Directions for this task: Transcribe, without any alteration, only the lines that begin at the line containing "École primaire de l'EN - 1953" and run to the last line below.

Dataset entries

[Start of Attachment]

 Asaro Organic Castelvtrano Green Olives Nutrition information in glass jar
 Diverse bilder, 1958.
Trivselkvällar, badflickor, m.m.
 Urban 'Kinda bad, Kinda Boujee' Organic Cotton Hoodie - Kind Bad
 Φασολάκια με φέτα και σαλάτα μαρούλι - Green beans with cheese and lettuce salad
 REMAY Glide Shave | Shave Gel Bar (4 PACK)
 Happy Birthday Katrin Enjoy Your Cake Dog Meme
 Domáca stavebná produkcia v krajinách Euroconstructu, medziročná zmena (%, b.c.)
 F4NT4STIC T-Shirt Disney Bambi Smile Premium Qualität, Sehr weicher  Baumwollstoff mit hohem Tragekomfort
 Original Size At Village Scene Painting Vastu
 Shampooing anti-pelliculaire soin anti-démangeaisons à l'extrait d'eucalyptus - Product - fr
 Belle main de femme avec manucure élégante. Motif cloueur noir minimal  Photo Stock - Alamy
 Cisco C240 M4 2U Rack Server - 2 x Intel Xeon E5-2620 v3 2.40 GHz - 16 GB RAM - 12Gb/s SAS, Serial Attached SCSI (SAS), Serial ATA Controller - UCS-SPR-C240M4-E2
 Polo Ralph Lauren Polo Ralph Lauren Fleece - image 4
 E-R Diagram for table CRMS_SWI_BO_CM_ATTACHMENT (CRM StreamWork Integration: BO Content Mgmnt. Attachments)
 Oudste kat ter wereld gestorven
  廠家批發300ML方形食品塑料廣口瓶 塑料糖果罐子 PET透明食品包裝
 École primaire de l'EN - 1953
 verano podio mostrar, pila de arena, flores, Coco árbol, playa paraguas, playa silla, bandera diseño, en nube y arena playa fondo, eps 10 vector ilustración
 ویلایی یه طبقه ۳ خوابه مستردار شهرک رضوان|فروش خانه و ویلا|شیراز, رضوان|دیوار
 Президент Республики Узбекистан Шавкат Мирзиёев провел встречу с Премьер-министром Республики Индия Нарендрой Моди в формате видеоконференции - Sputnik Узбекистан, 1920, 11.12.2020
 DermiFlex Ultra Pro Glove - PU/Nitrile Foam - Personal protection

[End of Attachment]

Completed task:
 École primaire de l'EN - 1953
 verano podio mostrar, pila de arena, flores, Coco árbol, playa paraguas, playa silla, bandera diseño, en nube y arena playa fondo, eps 10 vector ilustración
 ویلایی یه طبقه ۳ خوابه مستردار شهرک رضوان|فروش خانه و ویلا|شیراز, رضوان|دیوار
 Президент Республики Узбекистан Шавкат Мирзиёев провел встречу с Премьер-министром Республики Индия Нарендрой Моди в формате видеоконференции - Sputnik Узбекистан, 1920, 11.12.2020
 DermiFlex Ultra Pro Glove - PU/Nitrile Foam - Personal protection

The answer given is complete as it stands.